Google recently released an update to Gemini 2.5 Flash Native Audio, significantly enhancing the capabilities of its voice assistant. This version is designed to better handle complex workflows, improve the accuracy of executing user instructions, and make conversations more natural and smooth. According to Google's feedback, the new version has increased the compliance rate with developer instructions from 84% to 90%, indicating significant progress in the voice assistant's ability to understand and execute user requests.

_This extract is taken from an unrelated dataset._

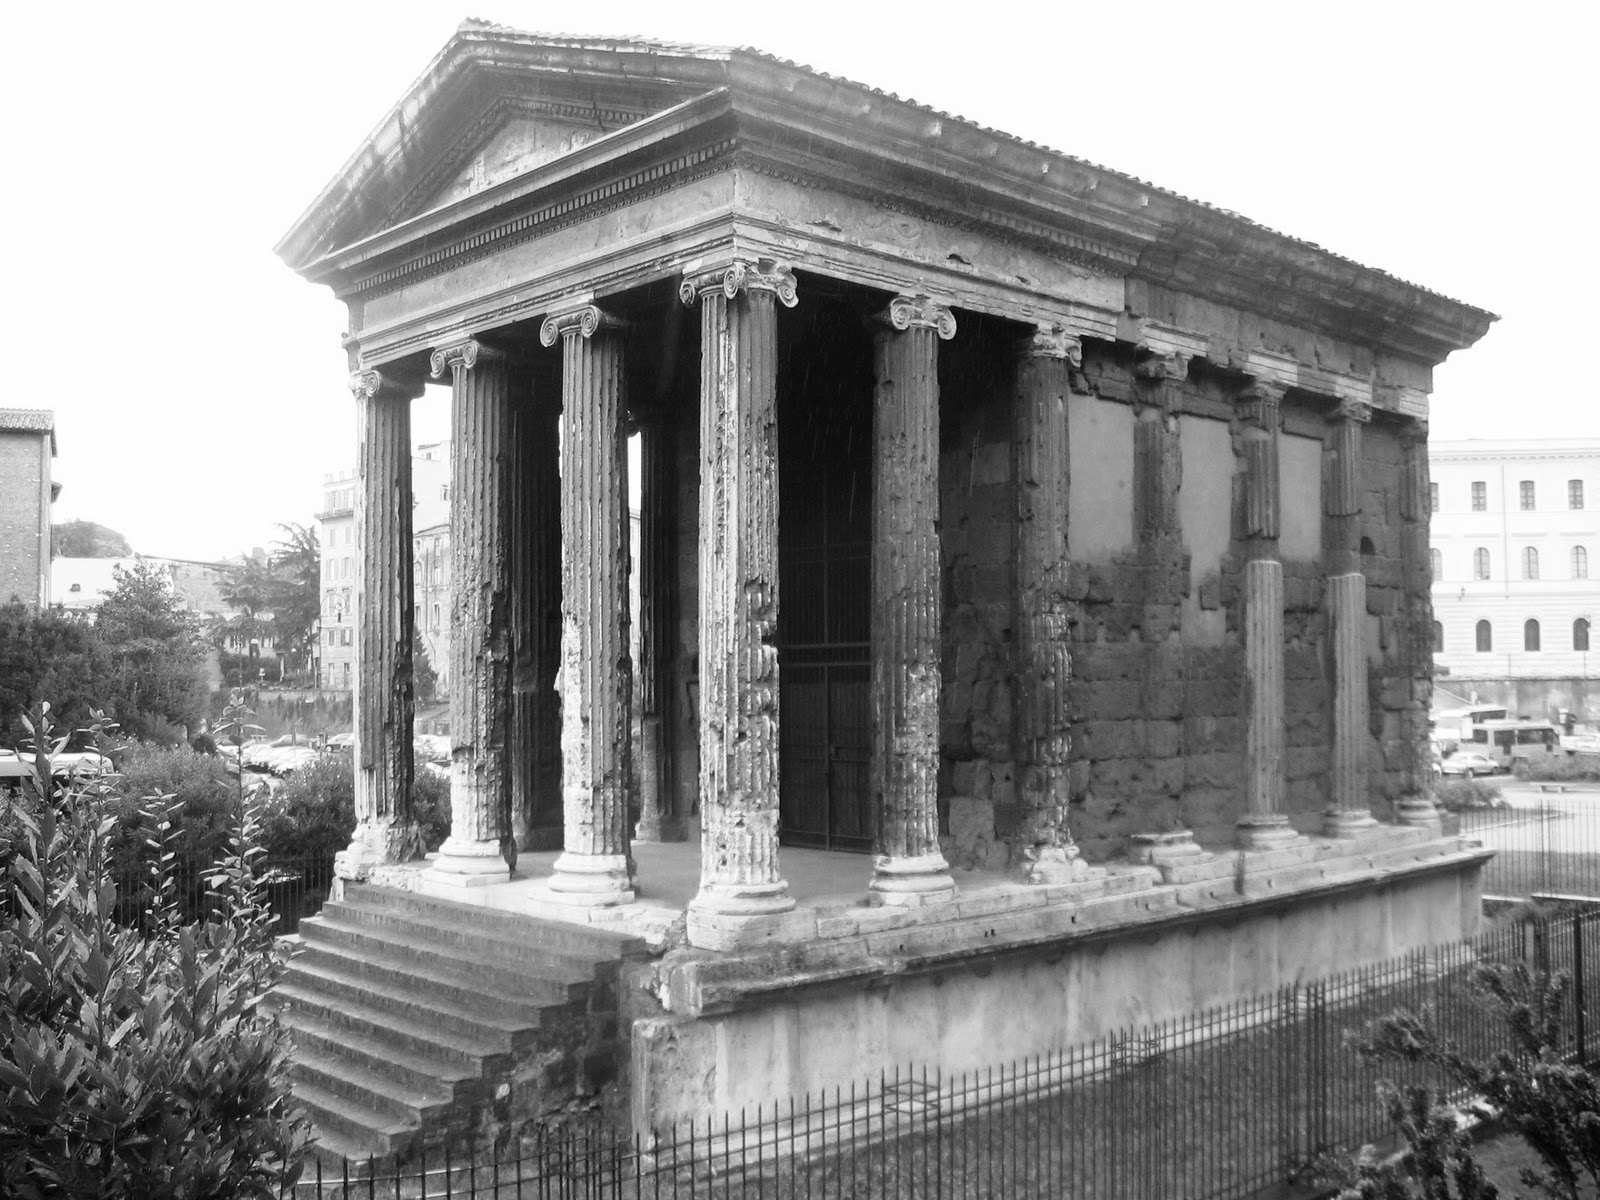 external image Roma_-_Tempio_di_portunus02%255B1%255D.jpg

The update also brings noticeable improvements in the quality of multi-step conversations. Users will experience smoother communication when interacting with the voice assistant. This improvement allows the assistant to better adapt to complex questions and tasks, providing a more efficient service experience.
Google also revealed that the updated audio model achieved a function call accuracy of 71.5% on the ComplexFuncBench benchmark test, compared to 66.5% for OpenAI's gpt-realtime. However, it should be noted that Google may not have used the latest version of OpenAI in the test.
This update is already available in Google AI Studio, Vertex AI, Gemini Live, and Search Live, and Google Cloud customers have started using this new technology. Developers can test the model through the Gemini API to further explore its potential.
This update is not just about improved features; it also reflects Google's determination and efforts to continuously advance in the field of artificial intelligence, offering users a better experience.
Key Points:
🌟 The updated voice assistant has improved its accuracy in following user instructions from 84% to 90%.
📈 The new version achieved a function call accuracy of 71.5% on the ComplexFuncBench benchmark test.
💻 Developers can test the new model through the Gemini API and experience its enhanced features.